Hi,
I created an index on a 11devel base while sampling pg_stat_activity with a little tool. Tool catches a line if state = active. Collected rows are aggregated and sorted by activity percentage.
Test environment :
select version();
version
----------------------------------------------------------------------------------------------------------------------------------------------------
PostgreSQL 11devel (Debian 11~~devel~20180227.2330-1~420.git51057fe.pgdg+1) on x86_64-pc-linux-gnu, compiled by gcc (Debian 7.3.0-5) 7.3.0, 64-bit
(1 ligne)
Temps : 0,762 ms
create table t1(c1 bigint, c2 double precision, c3 text);
CREATE TABLE
insert into t1 select generate_series(1,100000000,1), random(), md5(random()::text) ;
INSERT 0 100000000
With a select (select max(c1) from t1 group by c2;) I have this kind of output :
./t -d 20 -o "pid, backend_type, query, wait_event_type, wait_event"
traqueur 2.04.00 - performance tool for PostgreSQL 9.3 => 11
INFORMATION, no connection parameters provided, connecting to traqueur database ...
INFORMATION, connected to traqueur database
INFORMATION, PostgreSQL version : 110000
INFORMATION, sql preparation ...
INFORMATION, sql execution ...
busy_pc | distinct_exe | pid | backend_type | query | wait_event_type | wait_event
---------+--------------+-------+-----------------+-------------------------------------+-----------------+--------------
76 | 1 / 151 | 10065 | parallel worker | select max(c1) from t1 group by c2; | IO | DataFileRead
73 | 1 / 146 | 8262 | client backend | select max(c1) from t1 group by c2; | IO | DataFileRead
72 | 1 / 144 | 10066 | parallel worker | select max(c1) from t1 group by c2; | IO | DataFileRead
26 | 1 / 53 | 10066 | parallel worker | select max(c1) from t1 group by c2; | |
26 | 1 / 51 | 8262 | client backend | select max(c1) from t1 group by c2; | |
24 | 1 / 47 | 10065 | parallel worker | select max(c1) from t1 group by c2; | |
2 | 1 / 3 | 10066 | parallel worker | select max(c1) from t1 group by c2; | IO | BufFileWrite
2 | 1 / 3 | 8262 | client backend | select max(c1) from t1 group by c2; | IO | BufFileWrite
1 | 1 / 2 | 10065 | parallel worker | select max(c1) from t1 group by c2; | IO | BufFileWrite
With an index creation (create index t1_i1 on t1(c1, c2);) I have this kind of output :
./t -d 20 -o "pid, backend_type, query, wait_event_type, wait_event"

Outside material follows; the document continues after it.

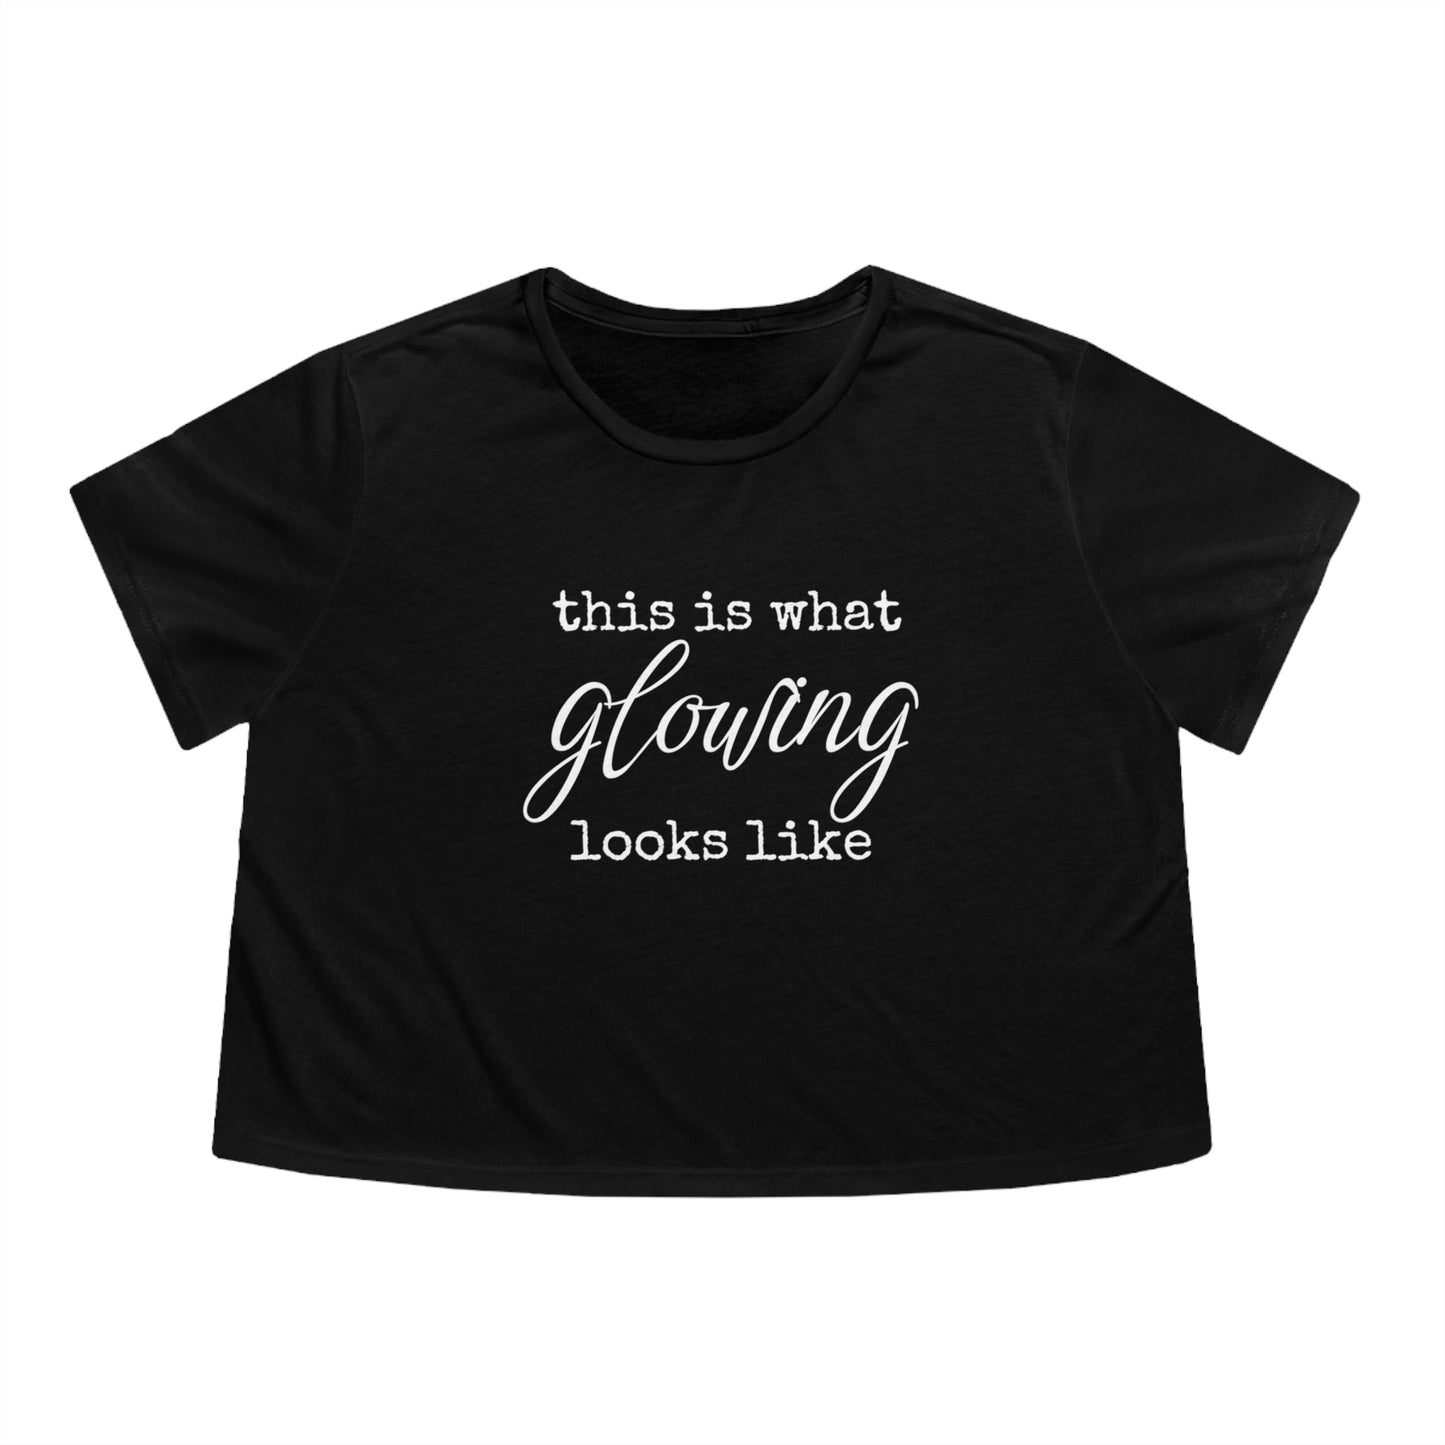 "This is what GLOWING looks like" Women's Flowy Cropped Tee

traqueur 2.04.00 - performance tool for PostgreSQL 9.3 => 11
INFORMATION, no connection parameters provided, connecting to traqueur database ...
INFORMATION, connected to traqueur database
INFORMATION, PostgreSQL version : 110000
INFORMATION, sql preparation ...
INFORMATION, sql execution ...
busy_pc | distinct_exe | pid | backend_type | query | wait_event_type | wait_event
---------+--------------+------+----------------+-----------------------------------+-----------------+--------------
68 | 1 / 136 | 8262 | client backend | create index t1_i1 on t1(c1, c2); | IO | DataFileRead
26 | 1 / 53 | 8262 | client backend | create index t1_i1 on t1(c1, c2); | |
6 | 1 / 11 | 8262 | client backend | create index t1_i1 on t1(c1, c2); | IO | BufFileWrite
(3 rows)
No parallel worker. At least one parallel worker was active though, I could see its work with a direct query on pg_stat_activity or a ps -ef :
...
postgres 8262 8230 7 08:54 ? 00:22:46 postgres: 11/main: postgres postgres [local] CREATE INDEX
...
postgres 9833 8230 23 14:17 ? 00:00:33 postgres: 11/main: parallel worker for PID 8262
...
Tool only catches activity of the client backend cause column state of pg_stat_activity is null for the parallel workers in this case. I added an option to do a "(state = 'active' or wait_event_is not null)" It's not 100% accurate though : I miss the activity
of the parallel workers which is not waiting and it’s more difficult to know who helps whom since query is also null.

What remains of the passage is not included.